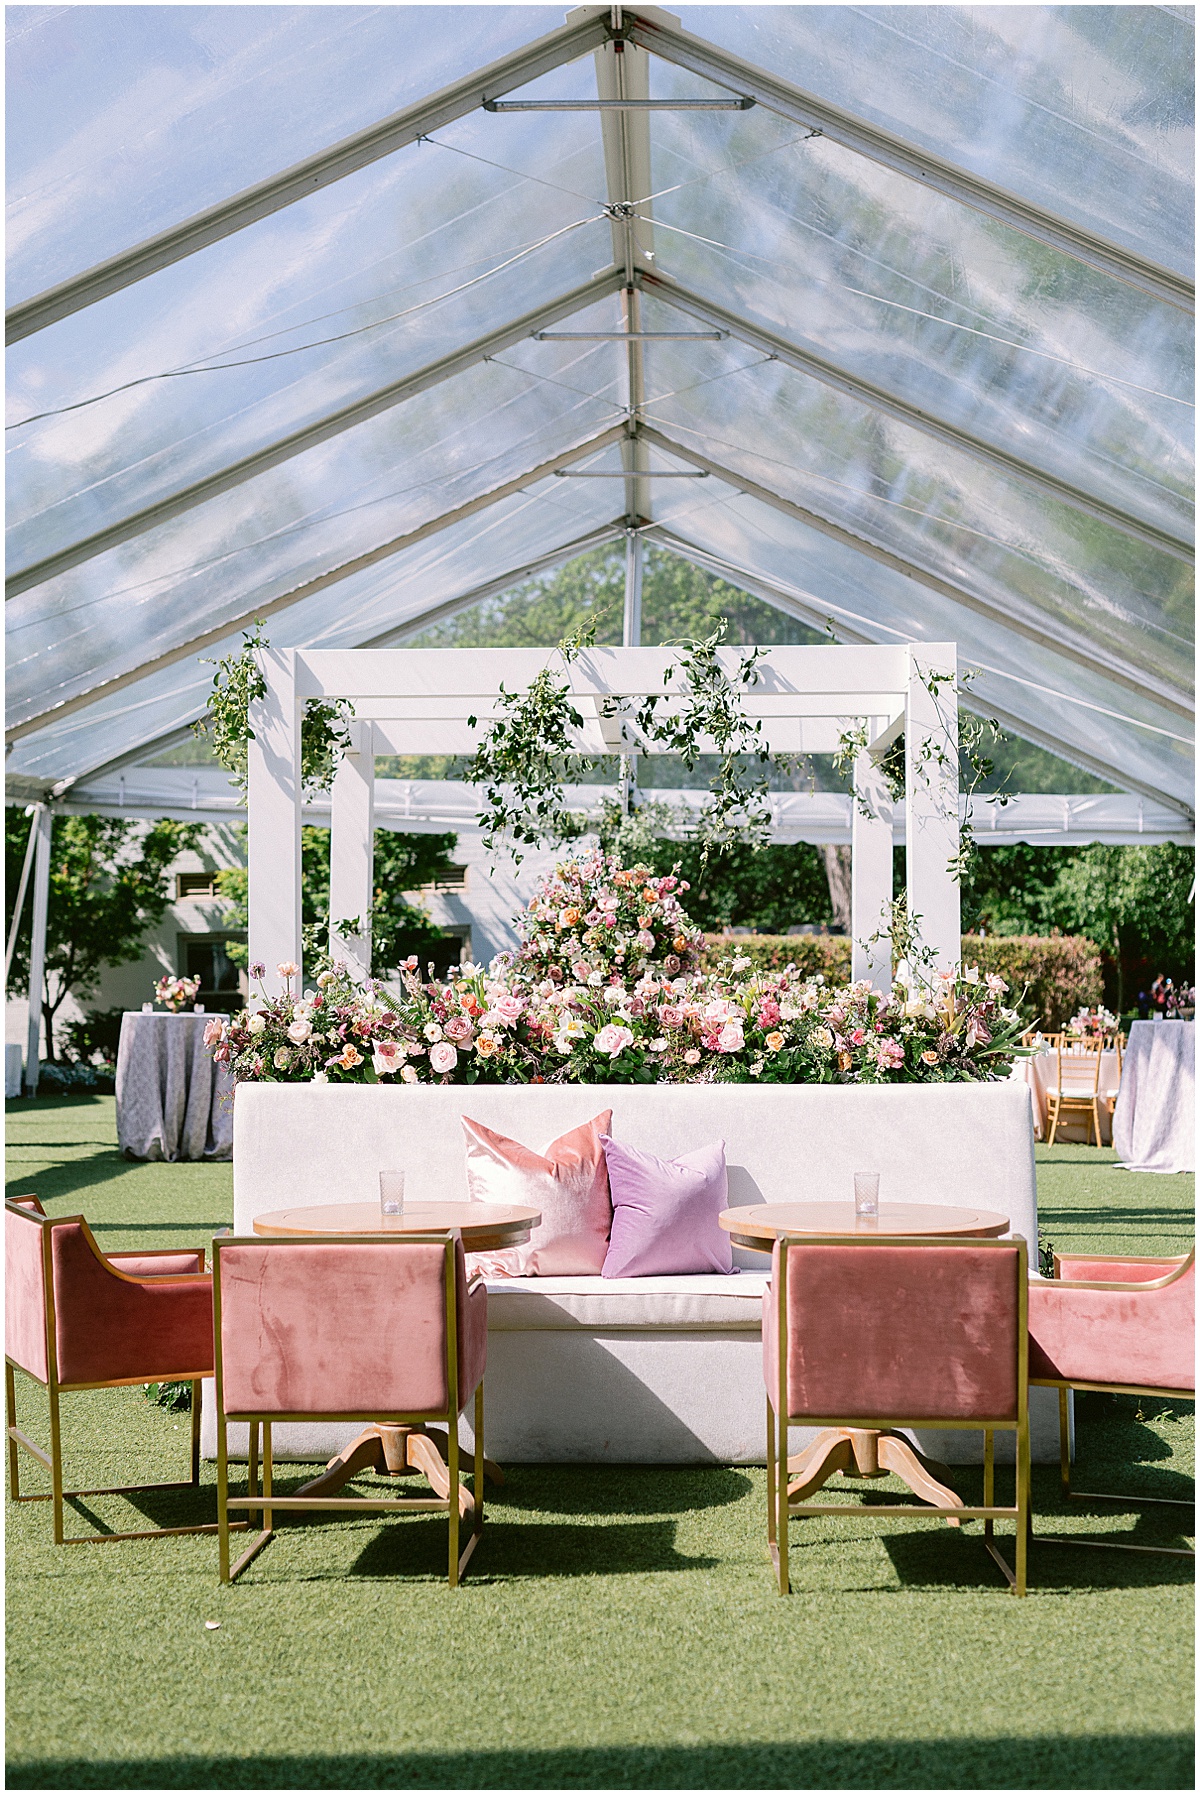 Wedding lounge area at outdoor wedding reception at the Dallas Arboretum
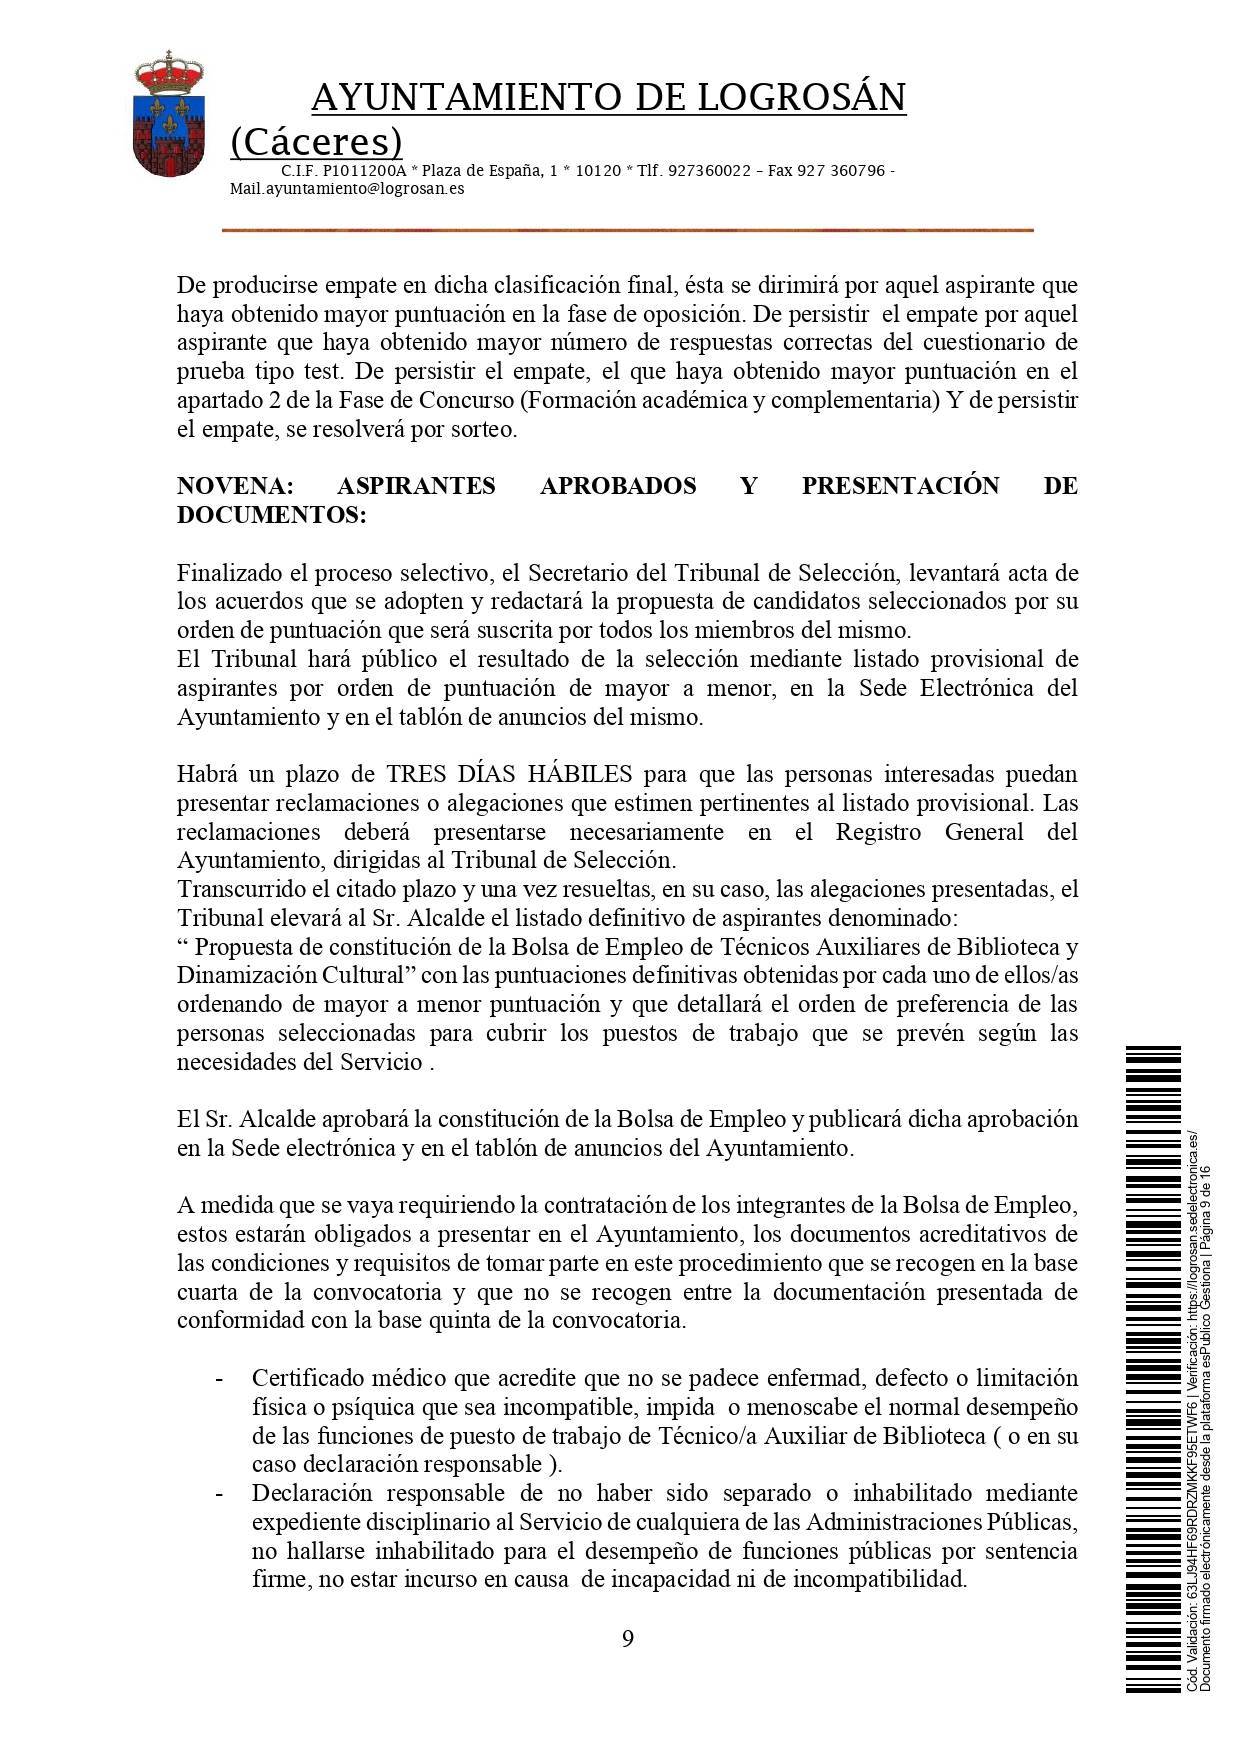 Técnicos-as auxiliar de biblioteca y dinamizador-a cultural (2021) - Logrosán (Cáceres) 9
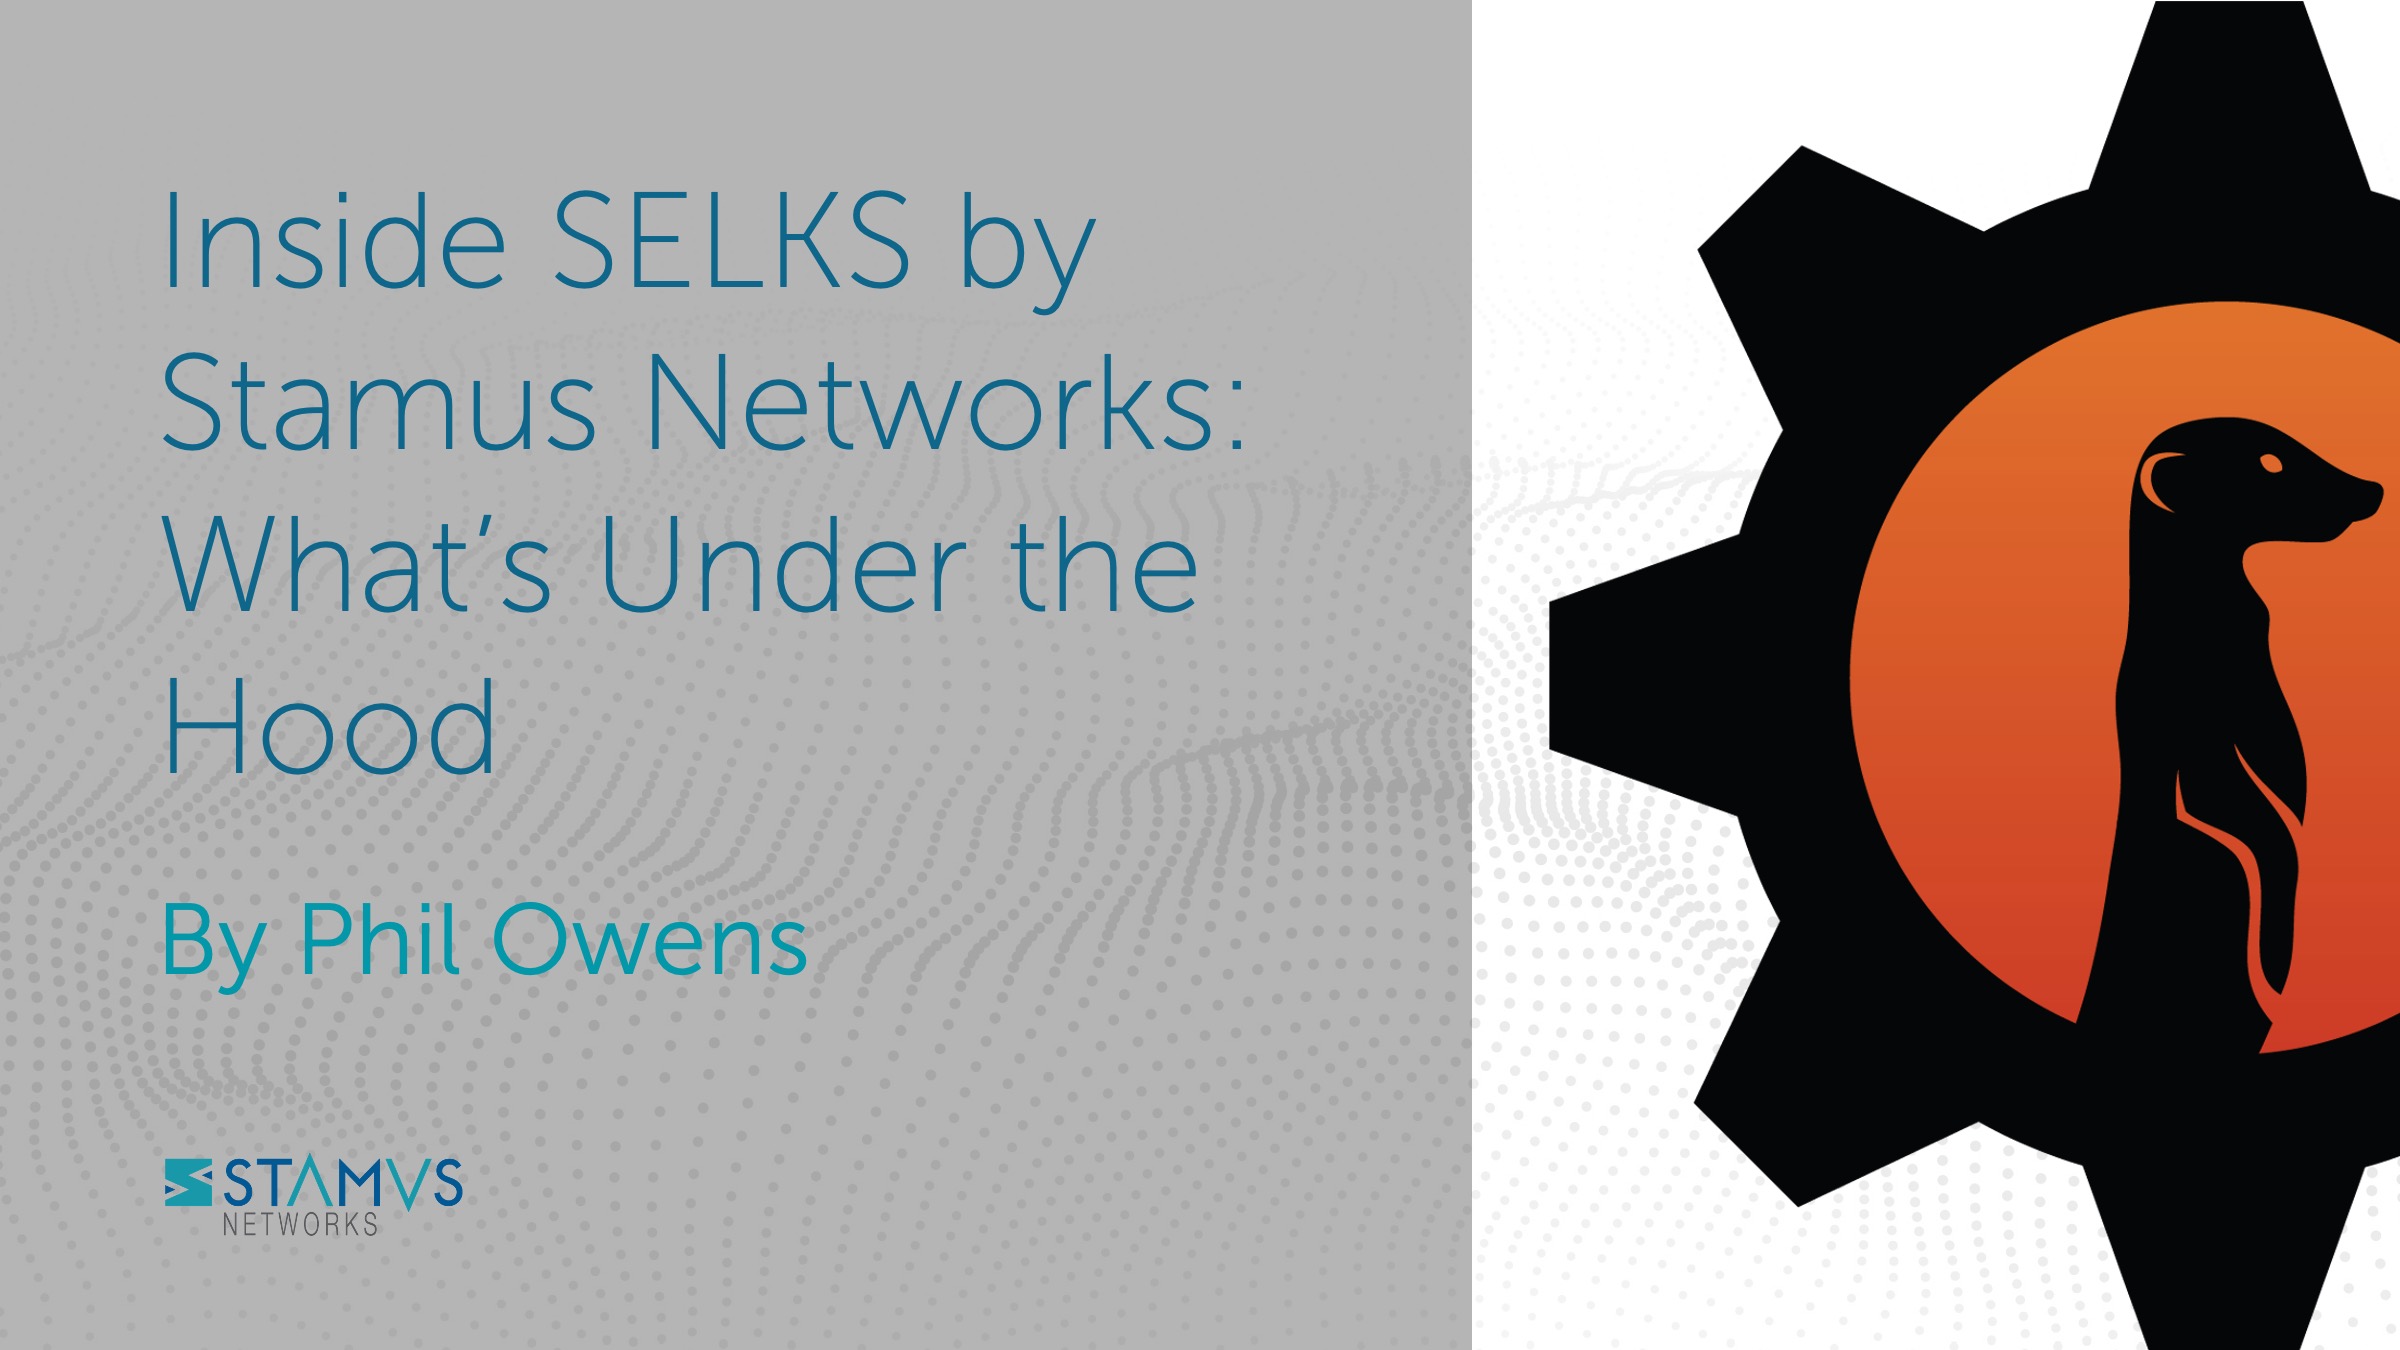 Inside SELKS by Stamus Networks: What's Under the Hood by Phil Owens
┄┄┄┄┄┄
Restate the data above word for word, omitting every picture.

 Wedding lounge area at outdoor wedding reception at the Dallas Arboretum
 Técnicos-as auxiliar de biblioteca y dinamizador-a cultural (2021) - Logrosán (Cáceres) 9
 Inside SELKS by Stamus Networks: What's Under the Hood by Phil Owens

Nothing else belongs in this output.